Task instructions
Each line, starting at the one with "แอร์พอร์ตมาร์เก็ต (Airport Market)" and running to the end of the data below, is to be set down again exactly, both ends included; leave pictures out.

Dataset excerpt
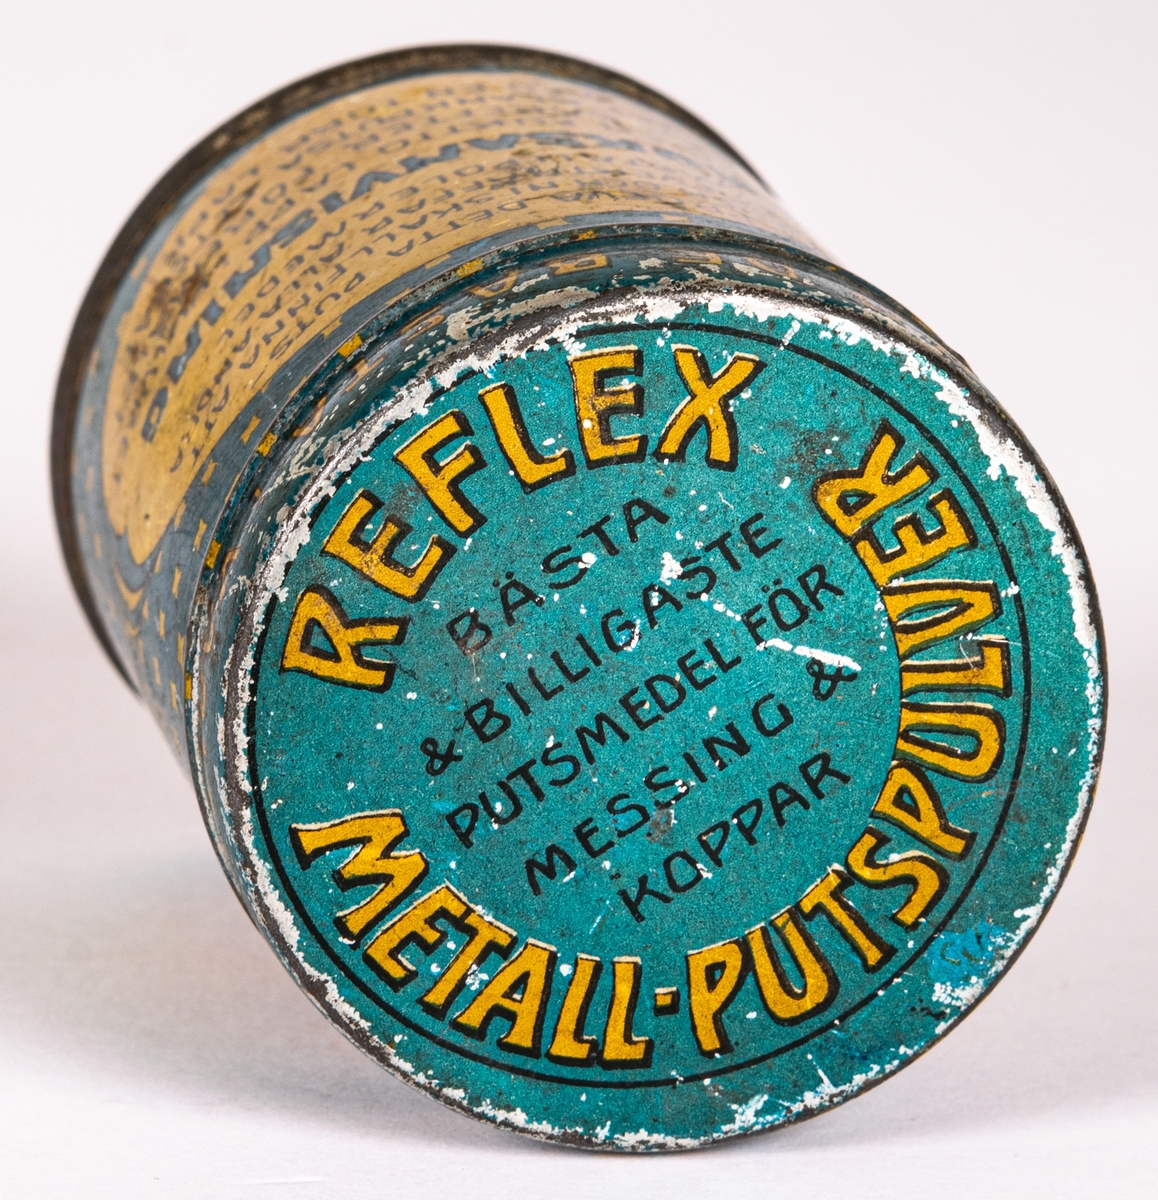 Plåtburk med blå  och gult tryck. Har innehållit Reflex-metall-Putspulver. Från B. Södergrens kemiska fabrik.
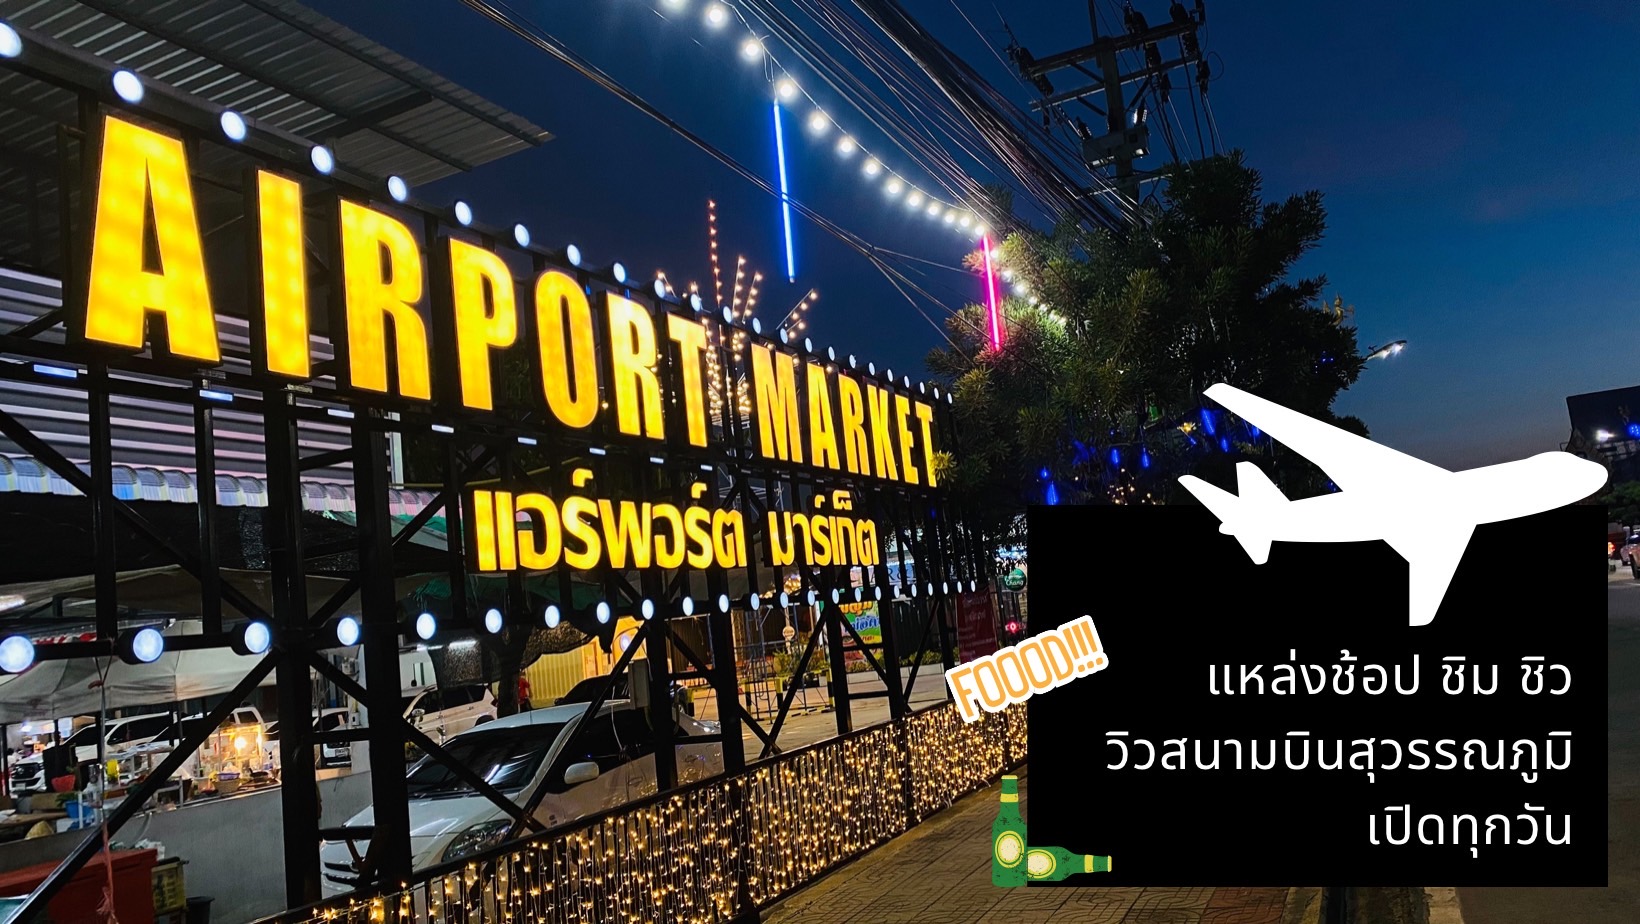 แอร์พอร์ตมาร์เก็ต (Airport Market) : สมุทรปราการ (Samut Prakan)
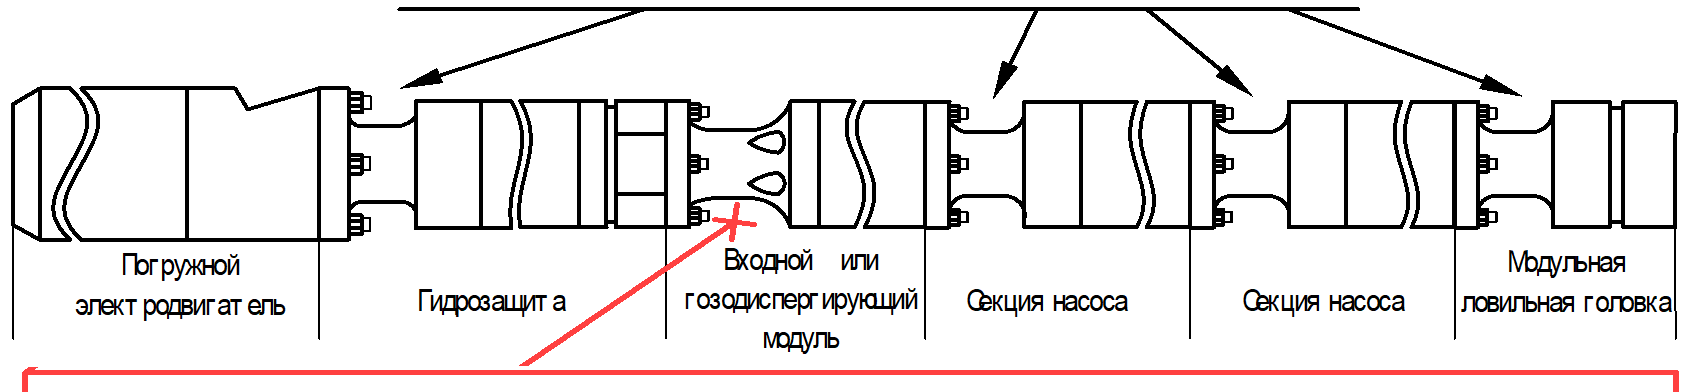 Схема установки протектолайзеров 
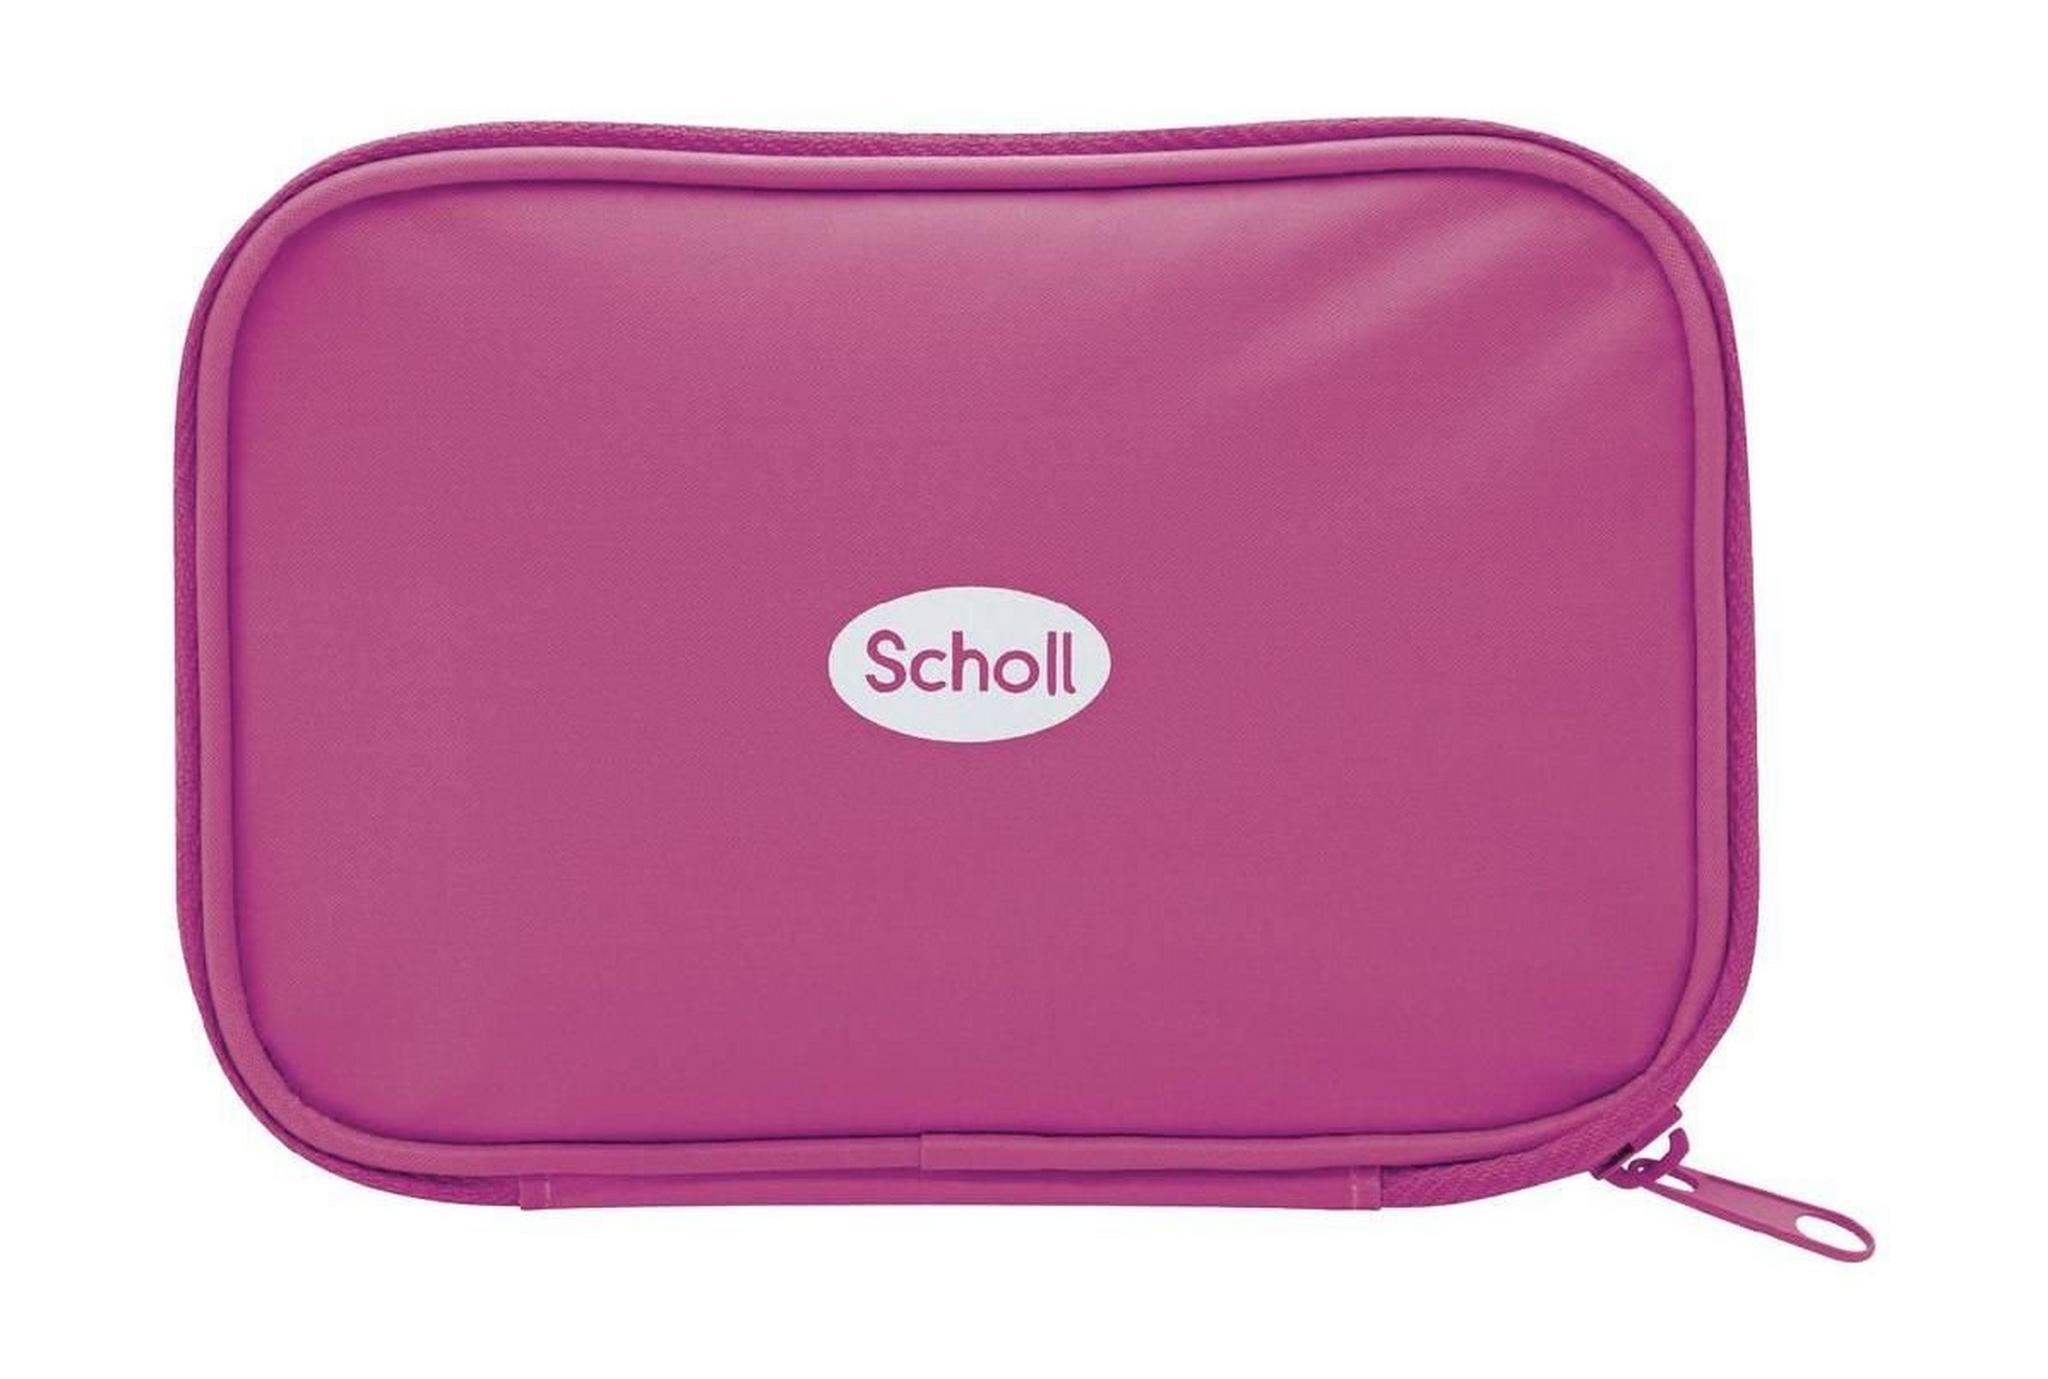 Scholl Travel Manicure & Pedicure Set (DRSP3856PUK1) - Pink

Response to the task
 แอร์พอร์ตมาร์เก็ต (Airport Market) : สมุทรปราการ (Samut Prakan)
 Схема установки протектолайзеров 
 Scholl Travel Manicure & Pedicure Set (DRSP3856PUK1) - Pink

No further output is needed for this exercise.